• RECORDS PROVIDED

--*--

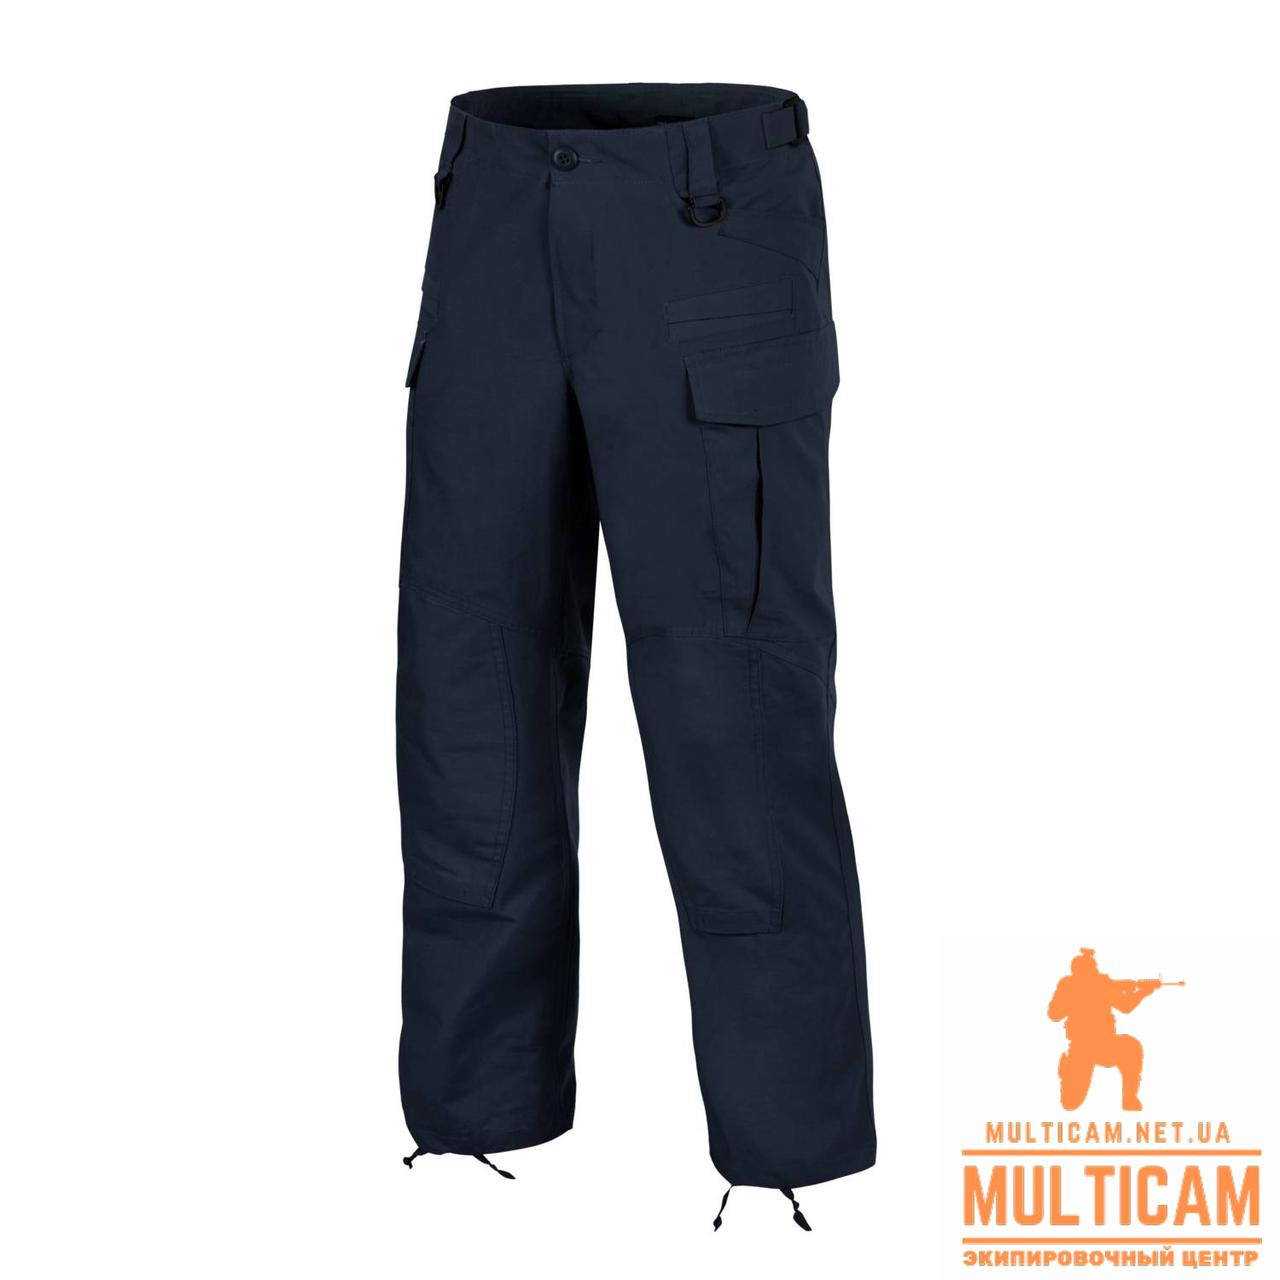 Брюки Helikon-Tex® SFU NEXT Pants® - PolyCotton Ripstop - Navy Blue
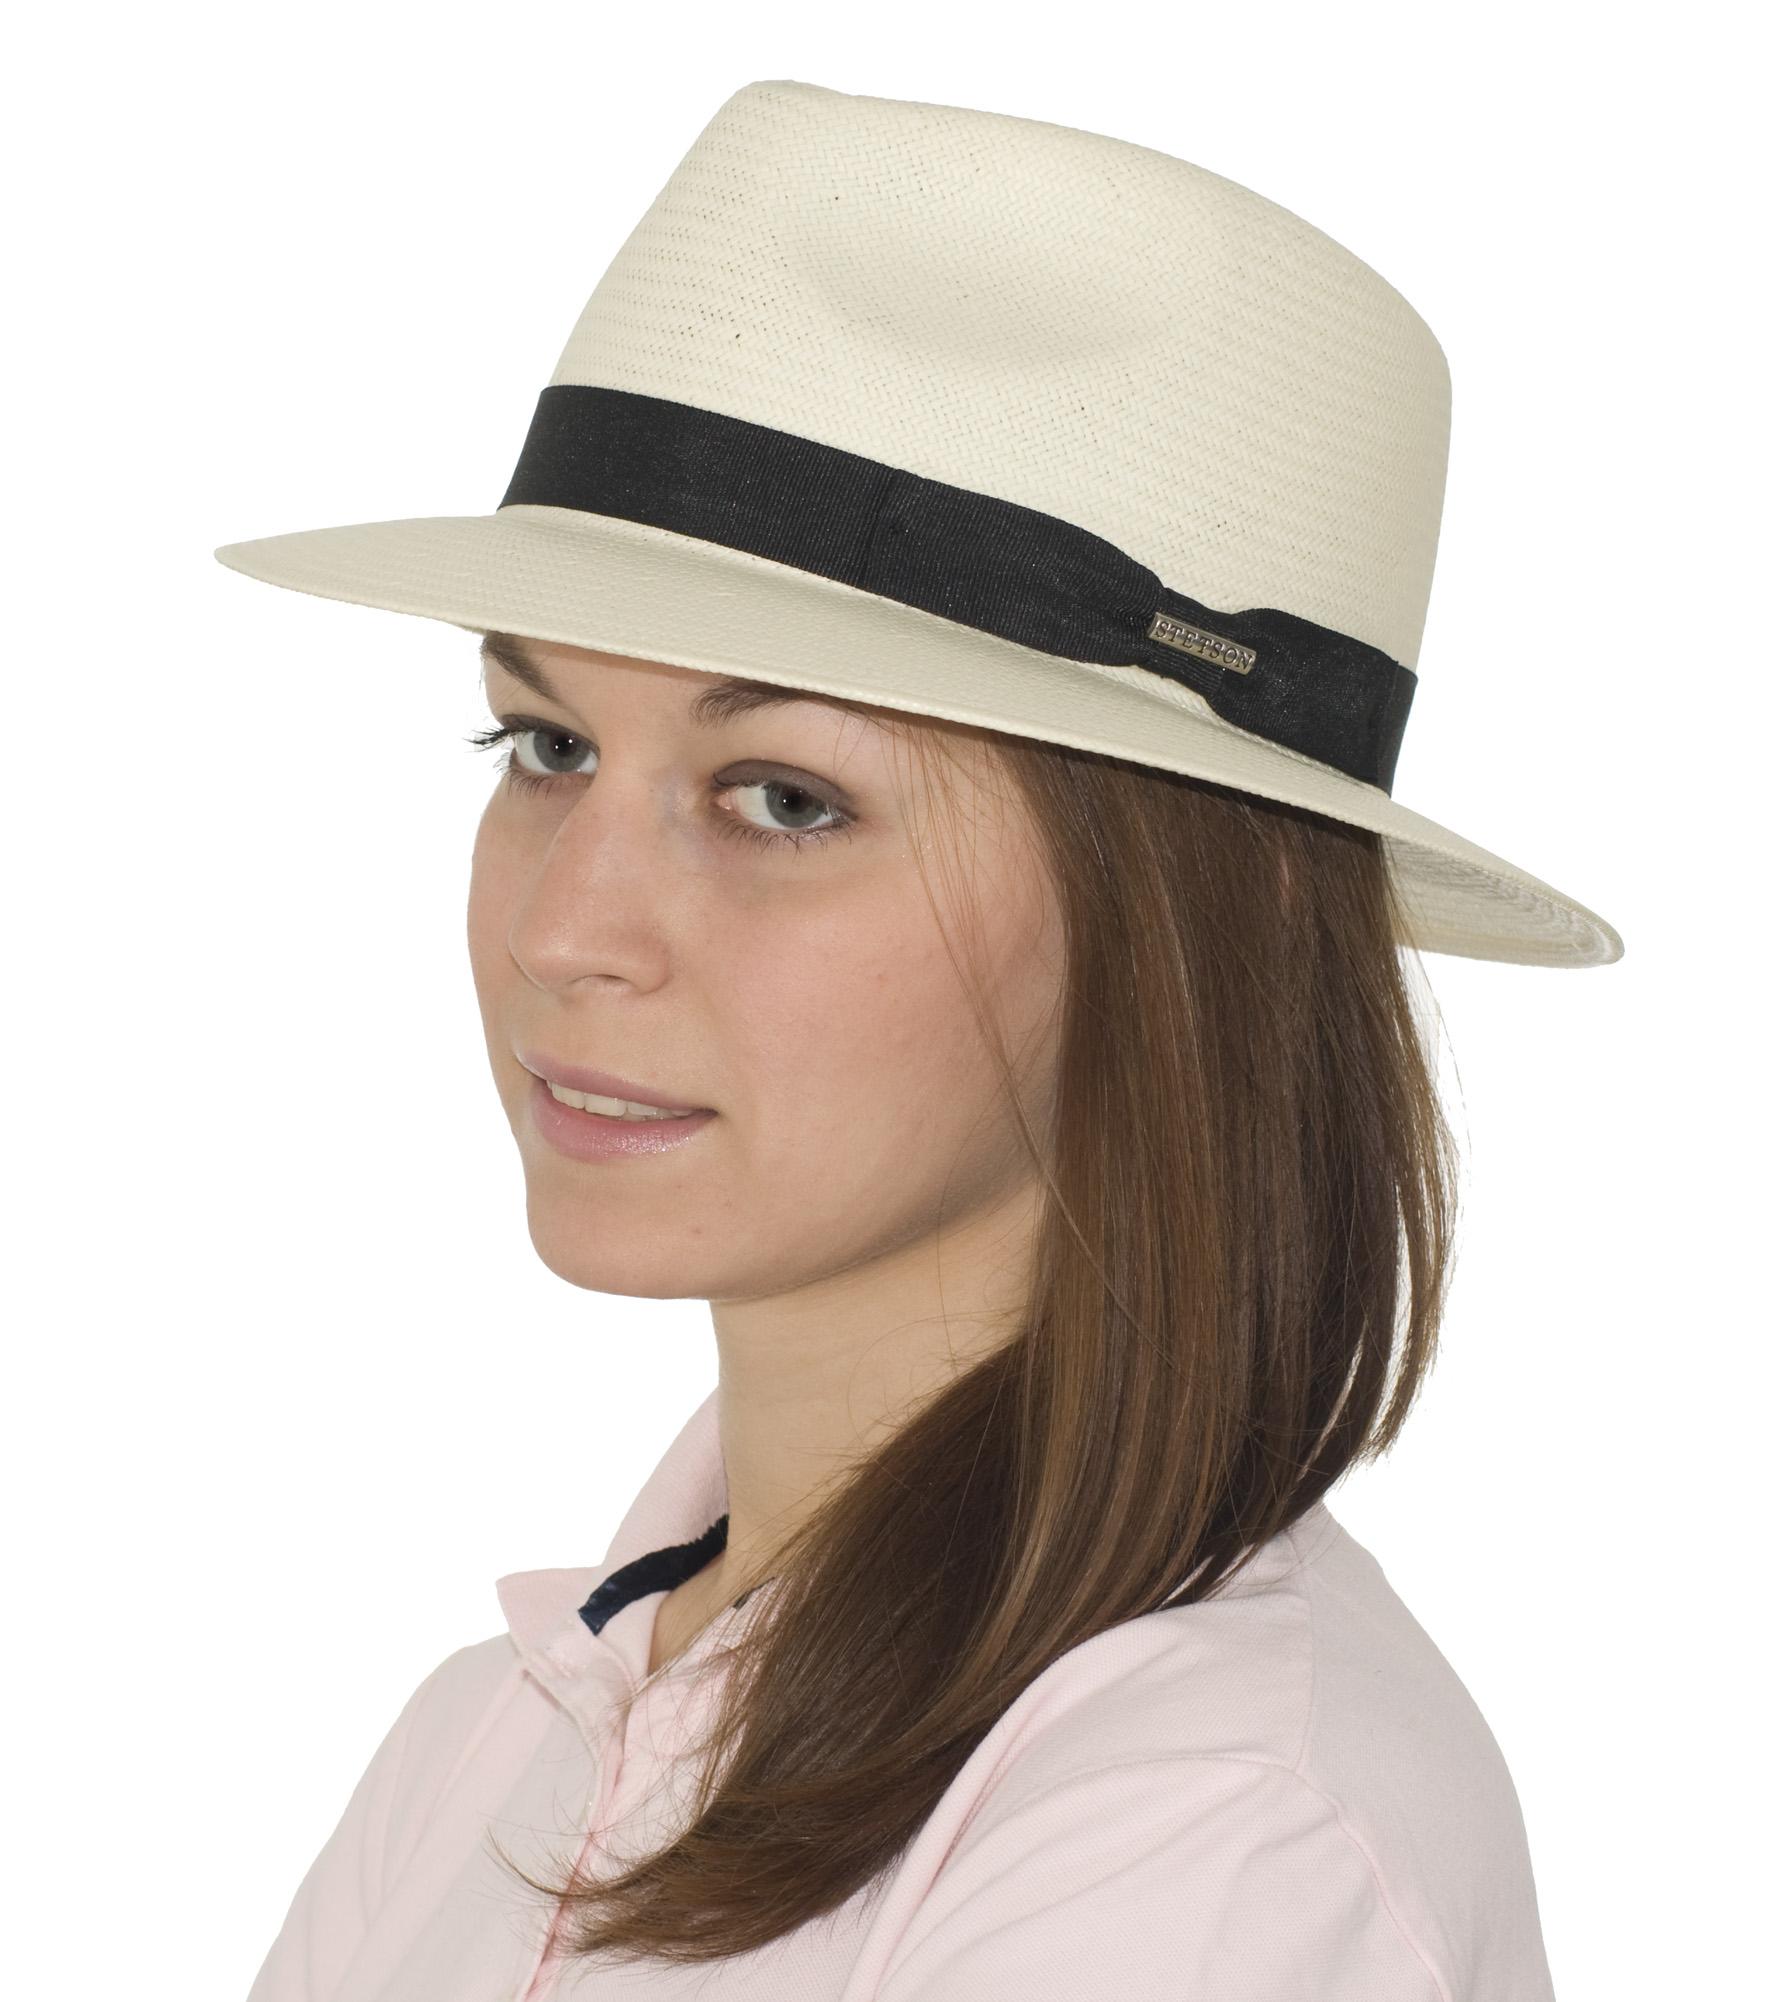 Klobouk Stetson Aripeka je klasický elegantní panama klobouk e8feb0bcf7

--*--

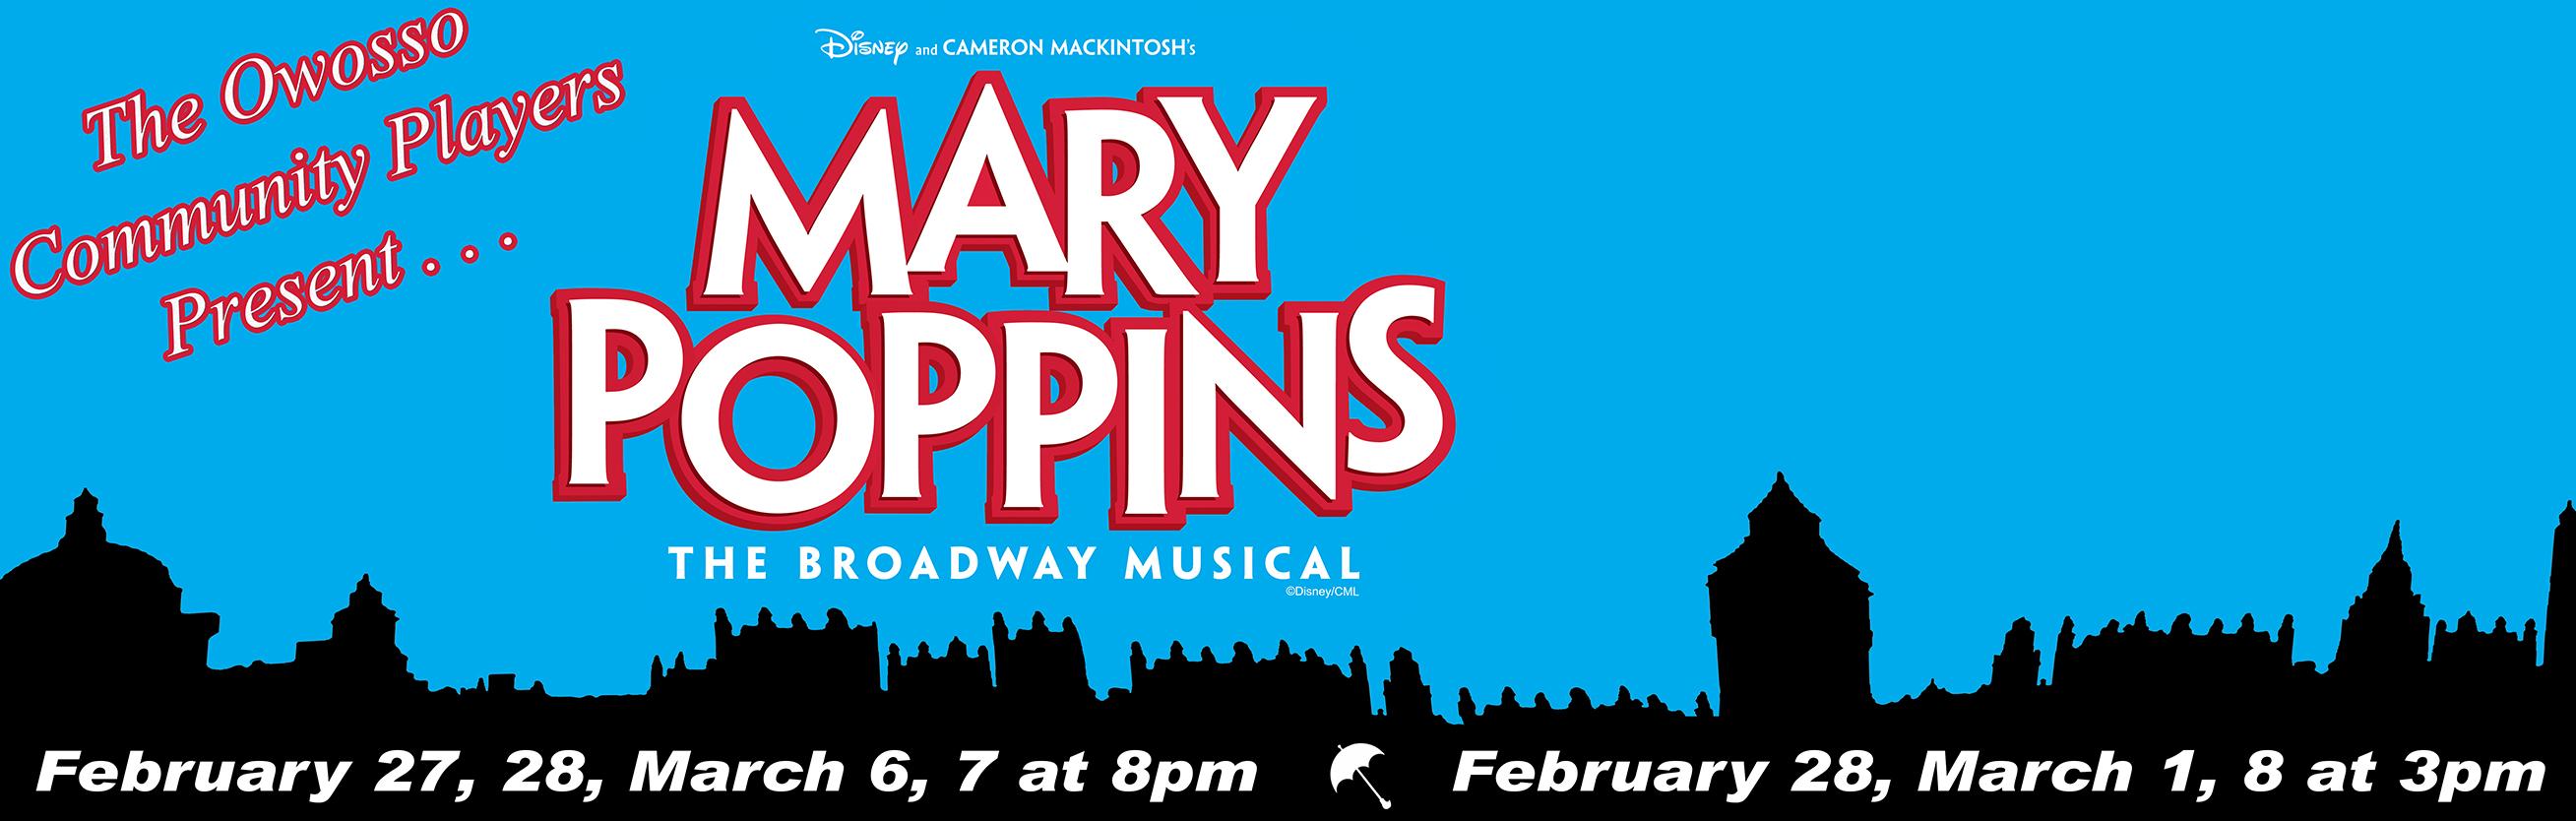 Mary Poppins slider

--*--

• WORK TO BE COMPLETED
With the pictures omitted, print the lines above exactly, beginning at the line with "Брюки Helikon-Tex® SFU" and going on through the line with "Klobouk Stetson Aripeka".

• WORKED SOLUTION
 Брюки Helikon-Tex® SFU NEXT Pants® - PolyCotton Ripstop - Navy Blue
 Klobouk Stetson Aripeka je klasický elegantní panama klobouk e8feb0bcf7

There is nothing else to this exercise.